Straszna, porywająca i potrzebna.
Wiktor Suworow o książce
Litwinienko pokazuje, że „tarcza i miecz” partii, w rzeczywistości jest ogromną strukturą kryminalną.
Władimir Bukowski o książce
Fragment książki:
Akram Murtazajew
Uwagi dziennikarza:
Zbieg ze Służb Specjalnych – to awanturnicza a zarazem przejmująca historia. Dziesiątki wersji, setki domysłów, tysiące niedomówień. Mamy do czynienia z osobliwą ucieczką. Nie uciekł – „biały kołnierzyk”, nie szpieg z szyframi, kodami i adresami konspiracyjnych dziupli.
Uciekł – człowiek od czarnej roboty. Pies gończy. Spec. Uciekł sam – bez pomocy obcych rezydentów. To po pierwsze. Panika w FSB była zupełnie zrozumiała: on zbyt dużo wie. Specsłużby nie boją się jego kontaktów z zachodnim kontrwywiadem. Najgorsza jest dla nich świadomość, że dowie się o tym naród rosyjski. Wszystko, czym się zajmował – to walka z terroryzmem i korupcją. A korupcja niestety przenikła do wszystkich struktur władzy, do kremlowskich gabinetów. Tak czy owak jest to tajemnica państwowa. Oficer, przez czyjeś niedopatrzenie, pracował w najbardziej tajnym wydziale FSB – URPO (rozpracowujące przestępczość zorganizowaną). Ten wydział zajmował się „likwidowaniem źródeł stwarzających zagrożenie dla bezpieczeństwa narodowego”. Mówiąc zwyczajnie – działaniami pozaprawnymi. Na zewnątrz wszystko wyglądało optymistycznie:
jest przestępca, nie można go jednak unieszkodliwić w sposób legalny, ale można użyć kuli. Cały sekret tkwi w tym, że System sam decydował, które „źródło” stanowi zagrożenie dla bezpieczeństwa narodowego, i sam je likwidował. To znaczy, że specsłużby same sobie wystawiały licencję na zabijanie.

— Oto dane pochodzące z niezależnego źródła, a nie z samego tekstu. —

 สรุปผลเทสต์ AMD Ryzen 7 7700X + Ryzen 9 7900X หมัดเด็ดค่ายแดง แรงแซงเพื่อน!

W historii bezpieczeństwa narodowego już funkcjonowała struktura zajmująca się „neutralizacją źródeł stanowiących zagrożenie narodowe” – Czwarty Wydział NKWD, któremu przewodził znamienity Paweł Sudopłatow, za sprawą Berii posadzony na piętnaście lat do więzienia. Potem go rehabilitowali, i stał się wśród czekistów legendarną postacią. W ich pojęciu, on nie zdradził Ojczyzny, tylko niewygodnych ludzi likwidował. Potem na Łubiance „zrehabilitowano” również i Czwarty Wydział.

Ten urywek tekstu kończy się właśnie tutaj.